Epoprostenol may interact with other drugs, including antibiotics, antifungals, calcium channel blockers, certain antidepressants, diuretics, and anticonvulsants. It is also known to interact with some over-the-counter and herbal medications. It is important to discuss any medication changes with a doctor before starting epoprostenol.

Food Interactions

Epoprostenol should not be taken with dairy products, orange juice, grapefruit juice, tomatoes, and other acidic foods, as these may reduce the absorption of epoprostenol.

Pregnancy Use

Epoprostenol is classified as a Pregnancy Category B drug. It is not known if epoprostenol is harmful to an unborn fetus. However, it is known that PAH can be dangerous to pregnant women, and treatment with epoprostenol may be necessary. Women who are pregnant should discuss the benefits and risks of using epoprostenol with a doctor.

Lactation Use

It is not known if epoprostenol is secreted in human milk, and use during breastfeeding is not recommended.

Acute Overdose

If an overdose of epoprostenol is suspected, seek immediate medical attention. Symptoms of an overdose include dizziness, nausea, hypotension, and difficulty breathing. Treatment is supportive and may include reducing the dose and increasing fluid intake.

Contraindication

Epoprostenol is contraindicated in patients with known hypersensitivity to prostaglandins. It is also contraindicated in patients with blood clotting disorders or recent thromboembolism and in those taking anticoagulants.

Use Direction

Epoprostenol should be administered as an intravenous infusion. The dose should be adjusted according to the patient’s response to treatment.
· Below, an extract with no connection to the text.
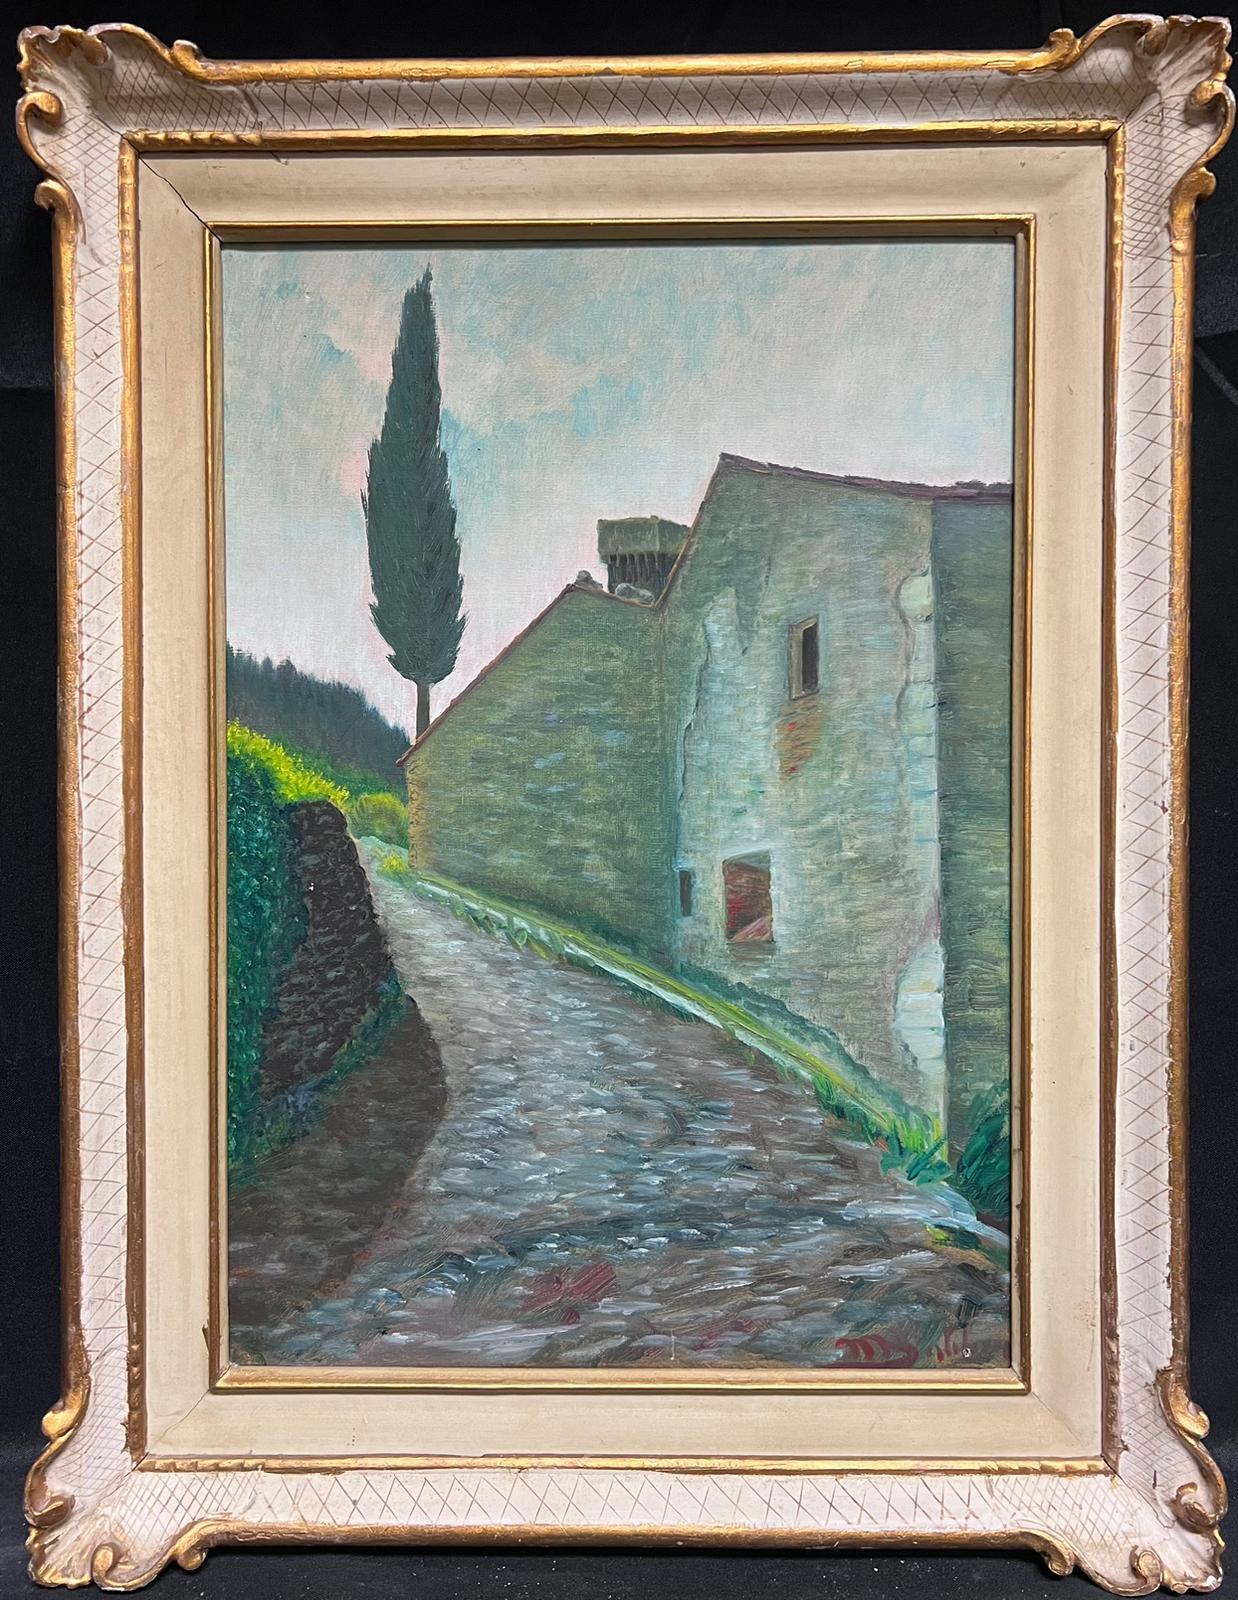 Italian 1950's Landscape Painting - Cypress Tree Old Tuscan Stone Village Houses Winding Lane Signed Oil Painting
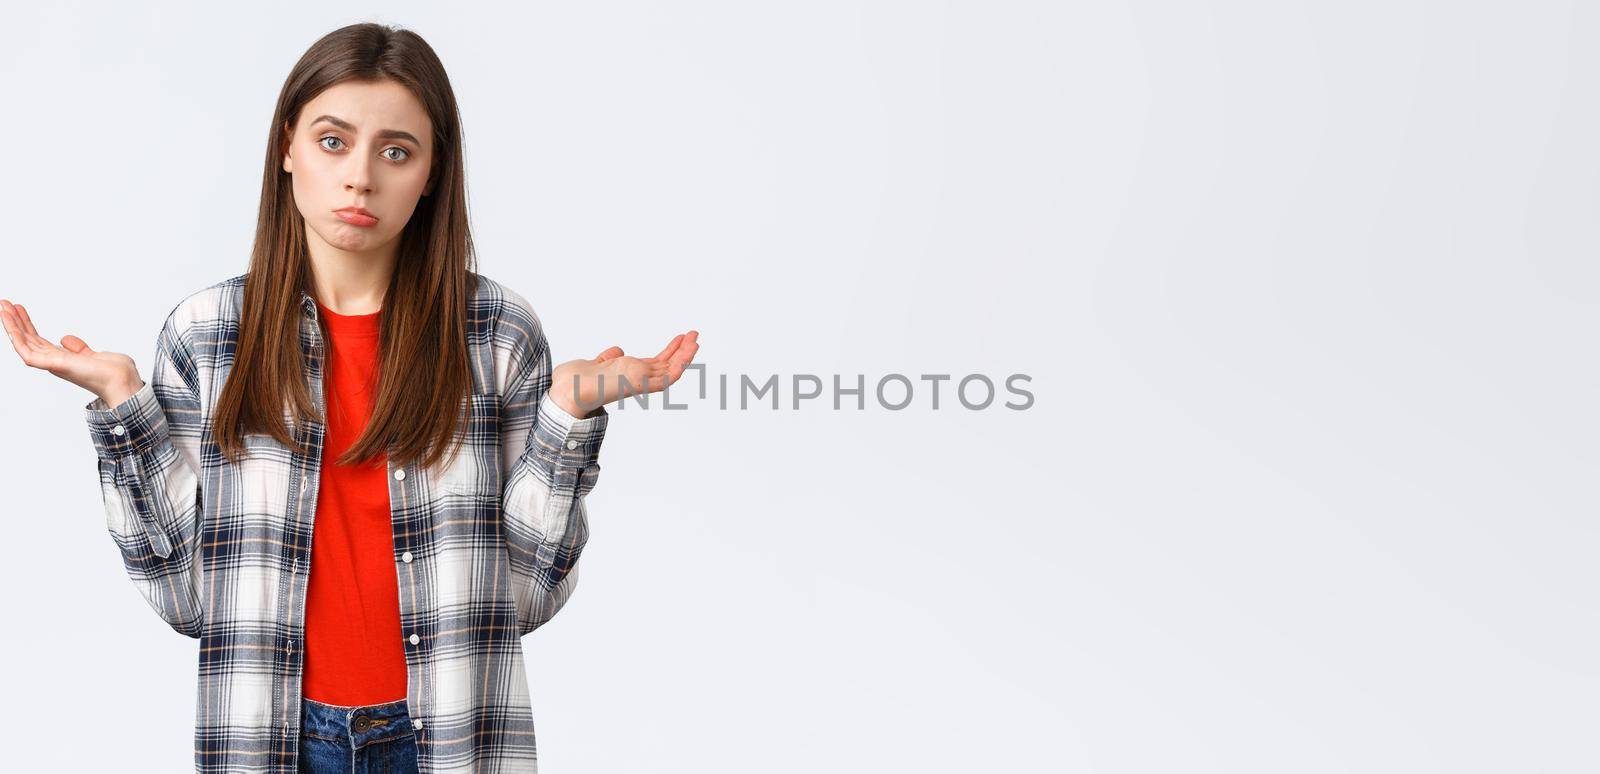 Lifestyle, different emotions, leisure activities concept. Reluctant and careless young woman shrugging with hands spread sideways, dont know, cant help, have no idea, stand white background.

It should be discontinued if the patient experiences any serious side effects.

Storage Condition

Epoprostenol must be stored at room temperature, between 59°F to 86°F (15°C to 30°C). Keep away from light and moisture. Do not freeze.

Volume of Distribution

Epoprostenol has a volume of distribution of 3.5 L/kg.

Half Life

The half-life of epoprostenol is estimated to be between 10 minutes and 5 hours.

Clearance

Epoprostenol is cleared from the body by both renal and hepatic pathways. The renal clearance is 0.6 L/hour.